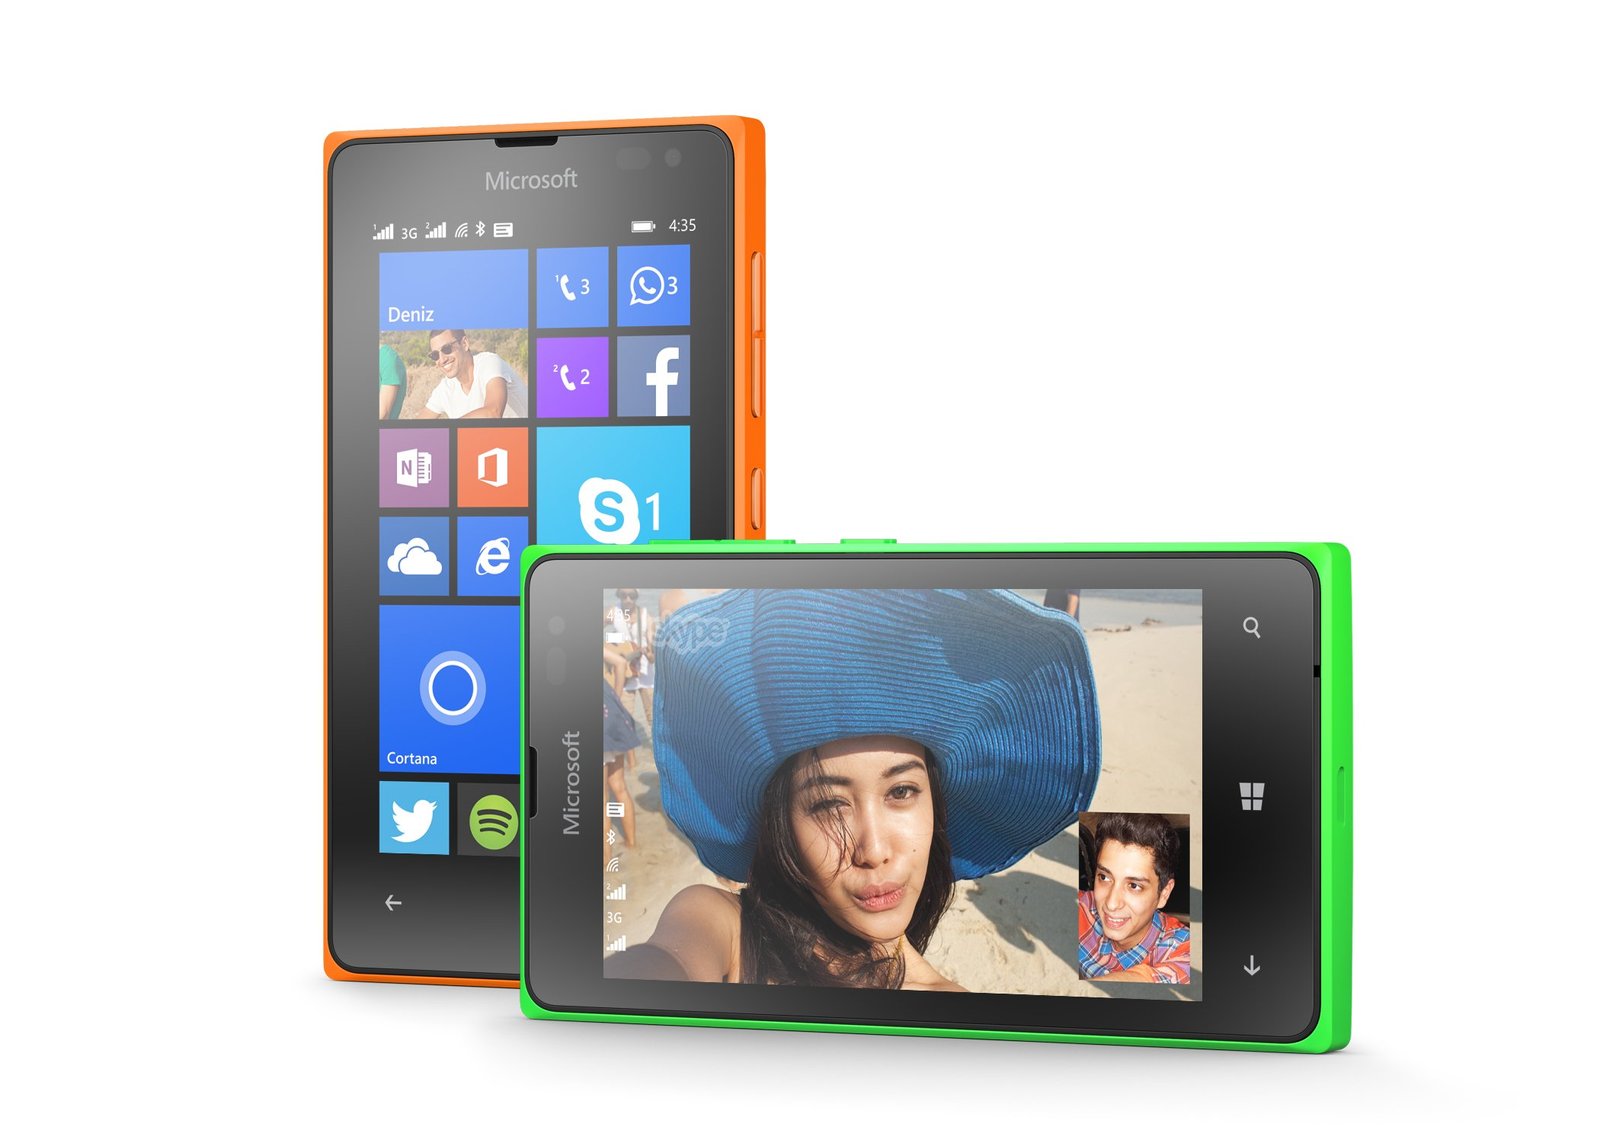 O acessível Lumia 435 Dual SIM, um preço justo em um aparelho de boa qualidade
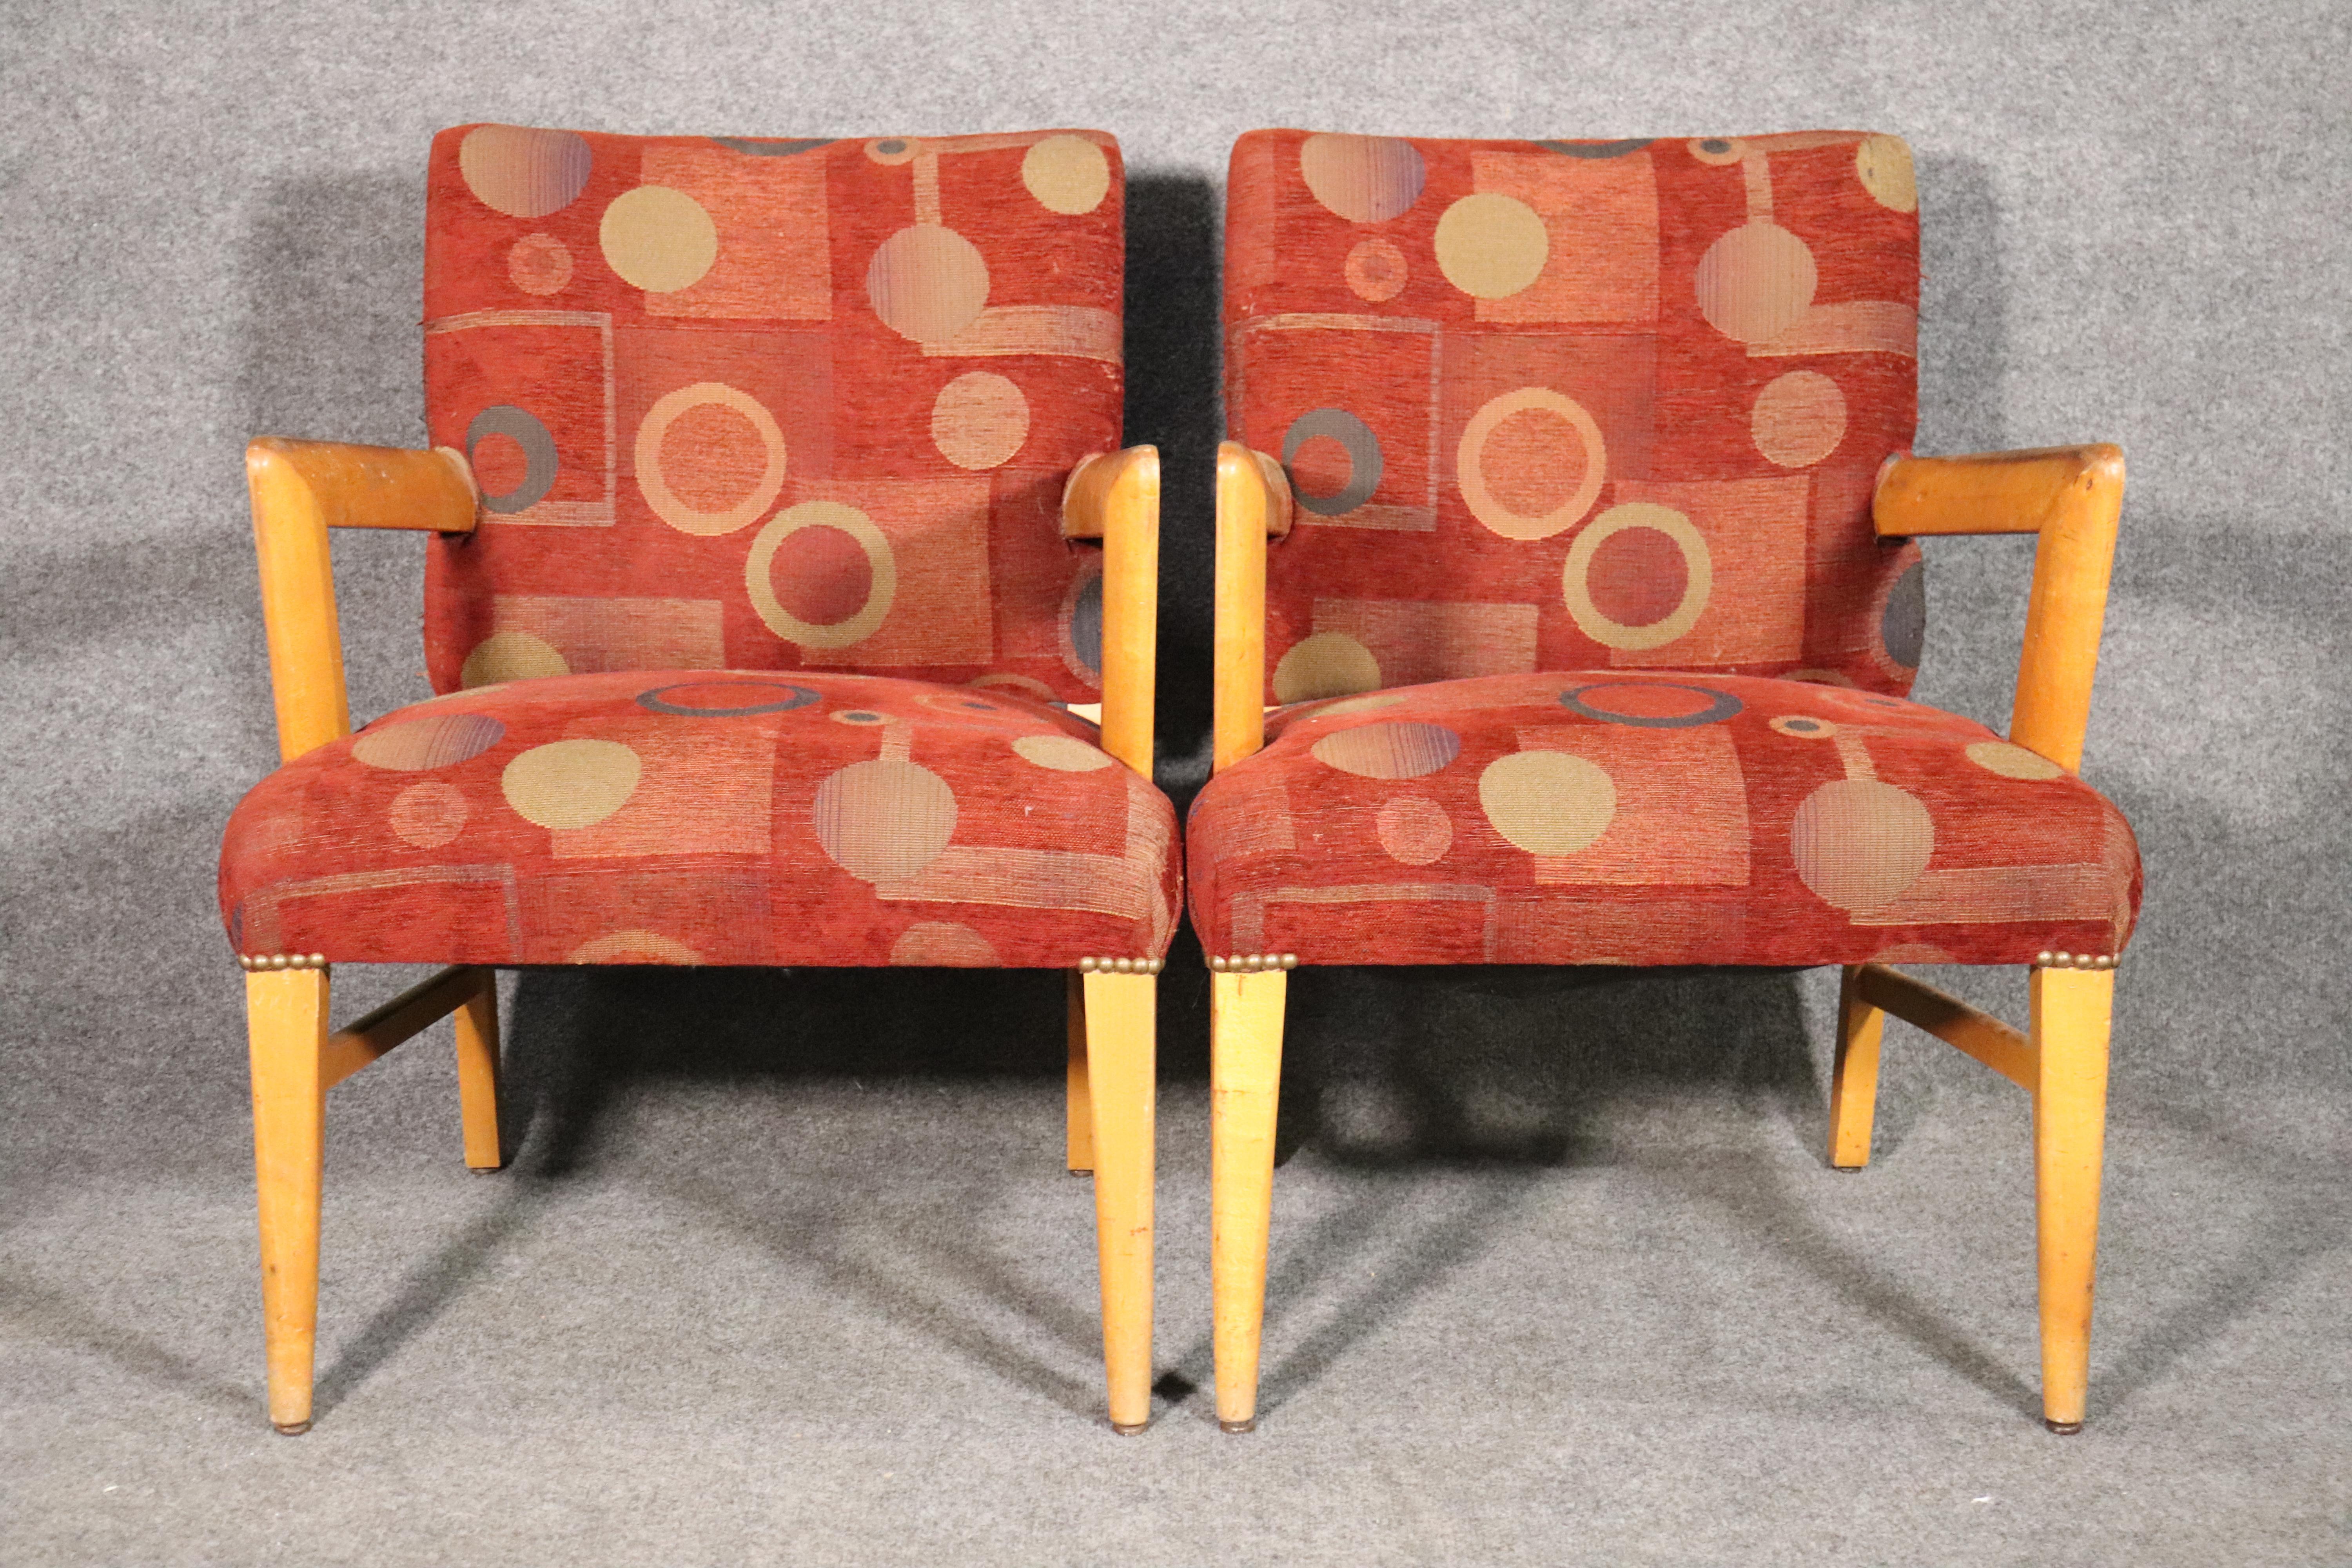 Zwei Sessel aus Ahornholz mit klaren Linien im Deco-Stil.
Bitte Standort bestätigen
+ + + +
= TASK DIRECTIONS =
Print out the whole of the material word for word, without pictures.

= YOUR SOLUTION =
 O acessível Lumia 435 Dual SIM, um preço justo em um aparelho de boa qualidade
 Zwei Sessel aus Ahornholz mit klaren Linien im Deco-Stil.
Bitte Standort bestätigen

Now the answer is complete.